Each fund recognises that support for news is support to improve lives through community impact (better public understanding of local issues, better representation of community voices, better trust, better cohesion), economic impact (effective public services, stronger local businesses and high streets) and democratic impact (better scrutiny, more fact-based facilitated debate, better civic participation and voter turnout). Whatever issue or topic area you care about — from health to education to climate — news and information affect it.
Some funds are phenomenally successful — with one fund generating $3.80 in new sustainable local revenue for every $1 invested in the newsrooms they support. (PINF believes that there is sufficient room for growth in the UK for a similar story to be realised here.)
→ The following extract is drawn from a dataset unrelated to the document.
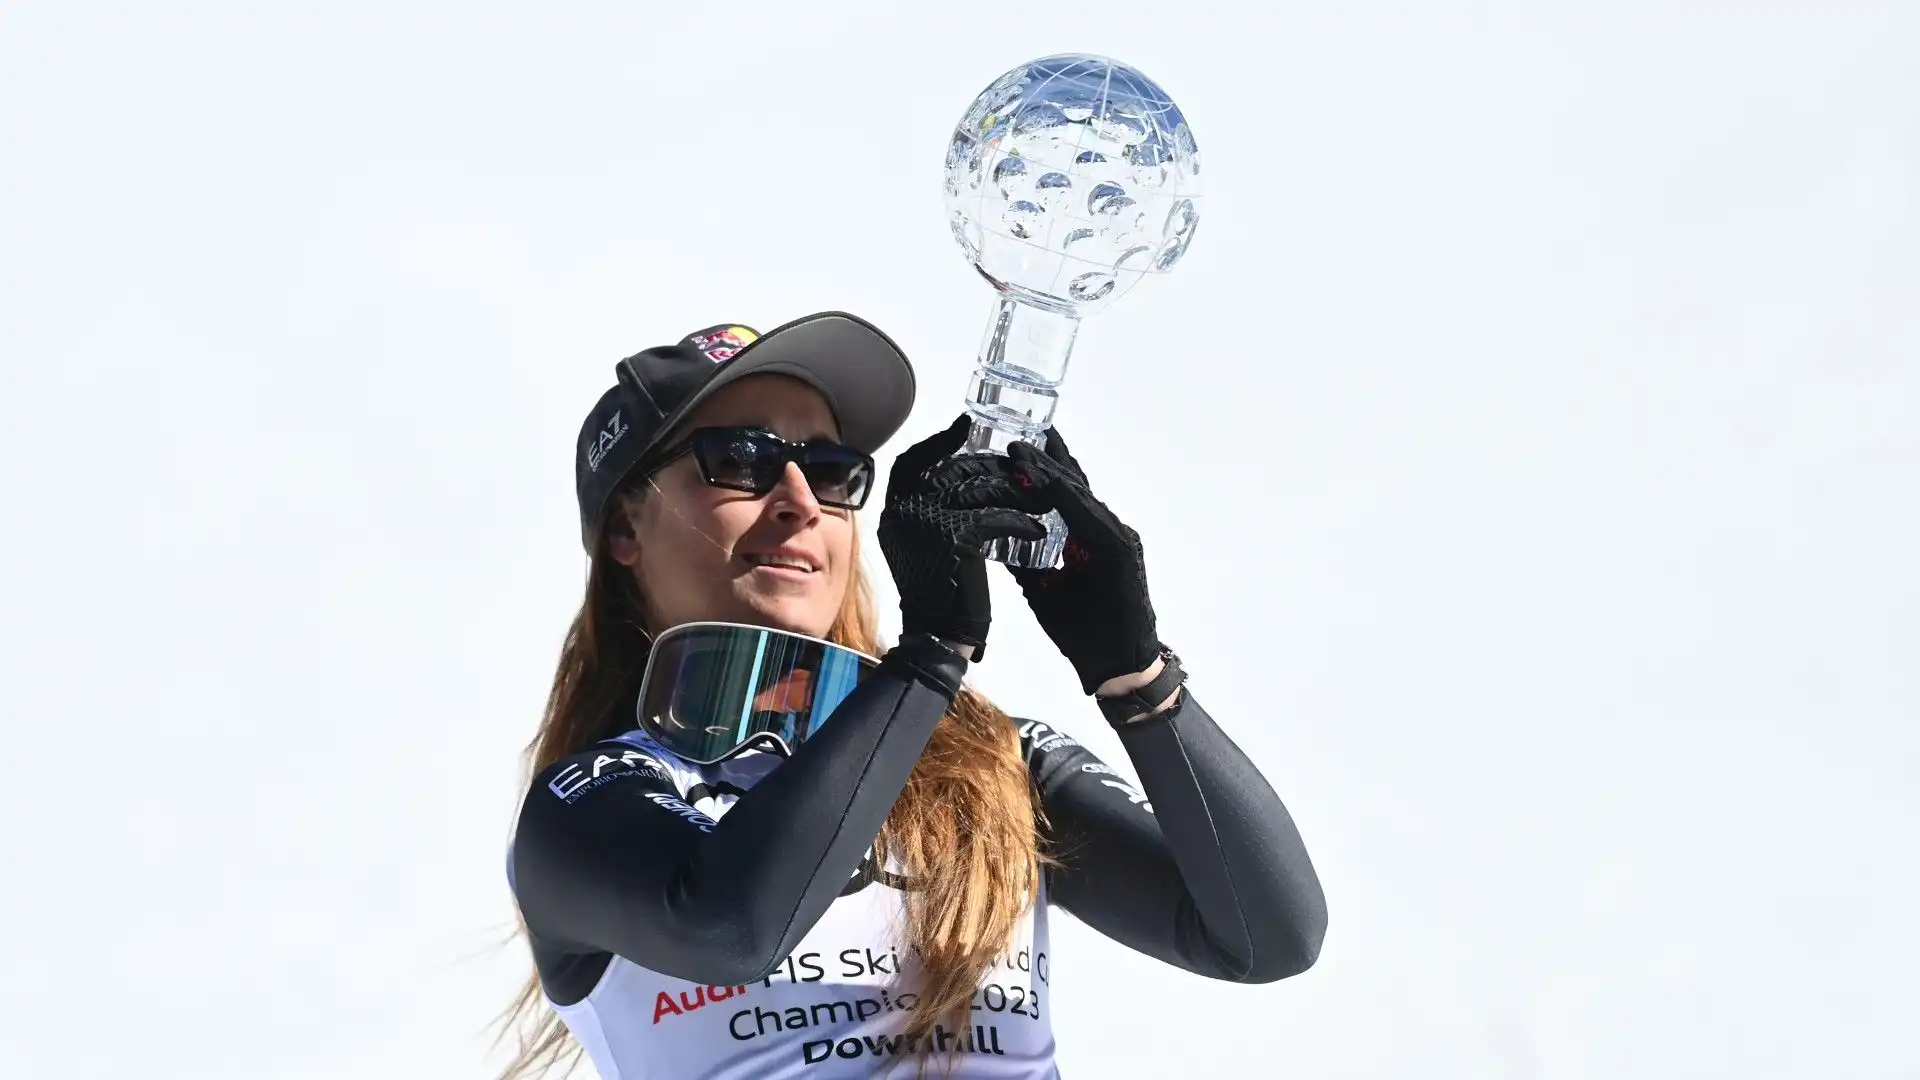 La sciatrice di Bergamo, già vincitrice della coppa di specialità, ha concluso al secondo posto nella discesa femminile di Soldeu

Funds are remarkably similar — the world is coalescing around evidence-based approaches that work: catalytic funding, coaching, peer learning, a focus on revenue development and a layer of infrastructure for tech, legal, talent, training and networking.
One fund can’t solve all the challenges to ensuring that all communities are served with quality local news. There will continue to be a need for good policymaking and legislating to incentivise public support and make big tech play fair. And there will be places of deprivation whereby efforts to grow revenue will be tough. There will be risks — some newsrooms will fail — and there will need to be patience as change emerges. But these examples of funders around the world are showing that real progress can be made towards the regeneration of local news.
The full report details the approaches to pooling funds, to decision-making and the importance of firewalls, the various theories of change, the different types of support for newsrooms, and it gives ten in-depth case studies of journalism funds to learn from.
We're very grateful to GCM for their hard work — and to the funders of our work to develop a UK Local News Fund, in particular Press Forward, Paul Hamlyn Foundation and Indigo Trust. This work will be invaluable in providing a headstart for the UK Local News Fund. Onwards!